Agents also discovered four social security cards and five drivers licenses under his various aliases with addresses in different states.
The alternate identities are especially intriguing as prosecutors allege that Baker received large amounts of money from overseas accounts, and spread them across his different identities.
The implications of a civilian working in the Navy with a high security clearance are troubling, but the fact that the indictment was public indicates that the prosecution is unlikely to bring espionage charges against Baker.
“It’s probably frustrating for the prosecutor,” Bill Cowden, a former prosecutor who is now a defence attorney with the Federal Practice Group in Washington, D.C. told the Navy times.
“They probably think there’s something more going on here, he’s got money coming in from overseas and probably don’t know what the source of it is and haven’t been able to get as far into it as they’d like. Or they have run it to ground and they think he’s a social security and tax fraud,” Cowden continued.
The breach of security profiles caused by Baker’s deception echoes similar cases of indiscretion like Hillary Clinton’s use of a private server to store her emails during her time as Secretary of State.
“He shouldn’t have a security clearance, no questions about it,” Cowden said of Baker to the Navy Times.

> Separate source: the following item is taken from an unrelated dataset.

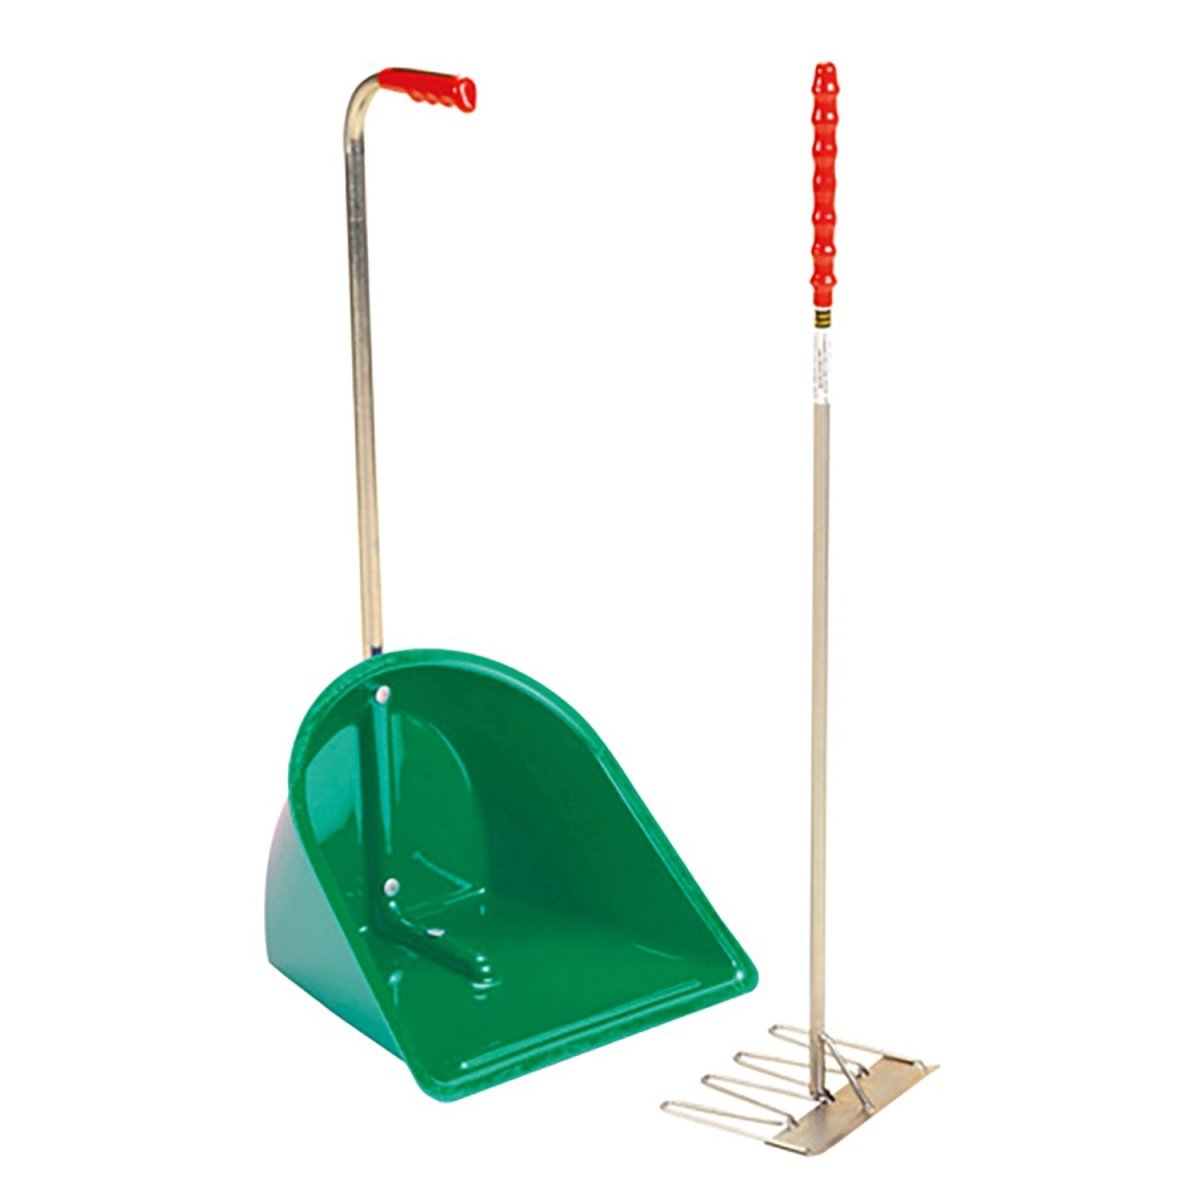 Stubbs Stable Mate Manure Collector High with Rake - Green -

“This is just another example of what’s causing a lot of people to question whose dropping the ball on security clearances. You have leaks of government information, you have people accessing personnel records and you have this. It just doesn’t give you a lot of confidence that the government is doing a good job of vetting people.”
Baker has been suspended from his job at NAVSEA pending the results of the prosecution.